Despite raising more than $300,000 and hiring lawyers, lobbyists and consultants over the past year, residents can point to just one tangible achievement: delaying the issuance of liquor licenses for the casino resort.

Charles "C.J." Jackson, a leading opponent of the tribe's development proposals, says the struggle has been exasperating. If Home Depot wanted to build here, residents could fight the proposal before the zoning board, the county Planning Department and other agencies. They could lobby elected officials to intervene. They could file suit in local courts.

But none of those tactics works when the developer is a sovereign entity.

"If my objective was to just stop them," Jackson said of the Chumash, "how effective have I been? They have essentially done what they wanted to do on their land."

Slot Machines Added

Tensions began building in the valley after California voters approved a ballot initiative in 2000 that gave Indian tribes the exclusive right to offer Las Vegas-style gambling.

The Chumash -- formally the Santa Ynez Band of Mission Indians -- first turned to gambling in 1983, offering high-stakes bingo in a tent.
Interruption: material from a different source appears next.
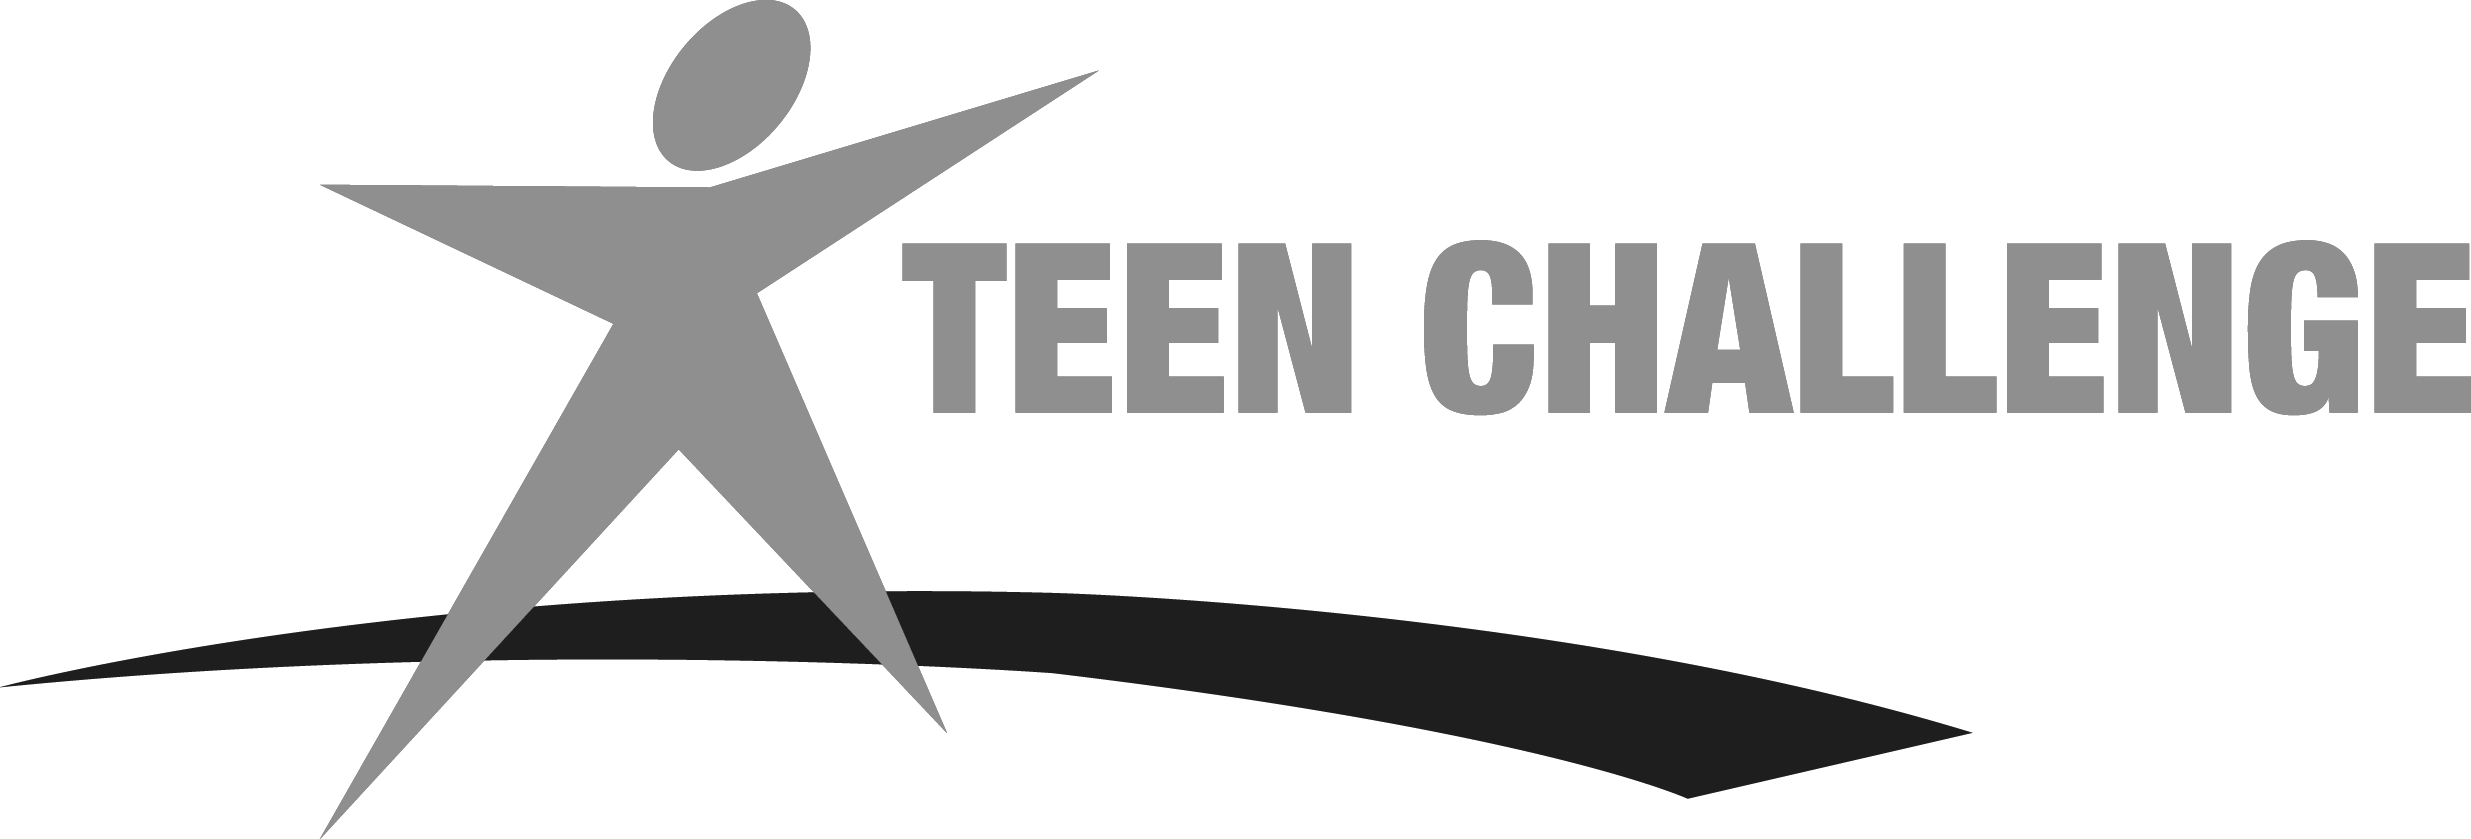 Teen Challenge Canada Logo

The operation faltered, closing and reopening several times. In 1994, the tribe added slot machines and began bringing in serious money -- $31 million the first year.

The 2000 initiative legalized the slot machines, along with blackjack and other games of chance, and the Chumash reaped a windfall. The tribal casino, one of the most profitable in the state, is expected to generate $200 million in revenue this year.

The Chumash no longer have to rely on others for running water or clothing. In the last decade, the tribe has donated more than $6 million to charitable groups, schools, hospitals and fire and police departments.

Recently, the Chumash have begun building on a scale not seen before in the Santa Ynez Valley, a region of rolling canyons, boutique wineries and Danish-style motels and cottage inns.

The $157-million Chumash Casino Resort, which opened last year, is a far cry from the makeshift warehouse that once housed the gambling hall. The Mediterranean-style complex along Highway 246, by far the biggest building in the valley, features 2,000 slot machines, a concert hall, a 106-room hotel and two concrete parking structures.

Chumash officials said they took pains to mitigate the casino's impact, reducing its height to three stories from the six originally planned, installing expensive low-glare outdoor lighting and providing $4.2 million in roadway improvements.

But these concessions did not ease residents' worries that a powerful new force was reshaping the region. Their anxiety increased when word spread that the tribe intended to build beyond the reservation.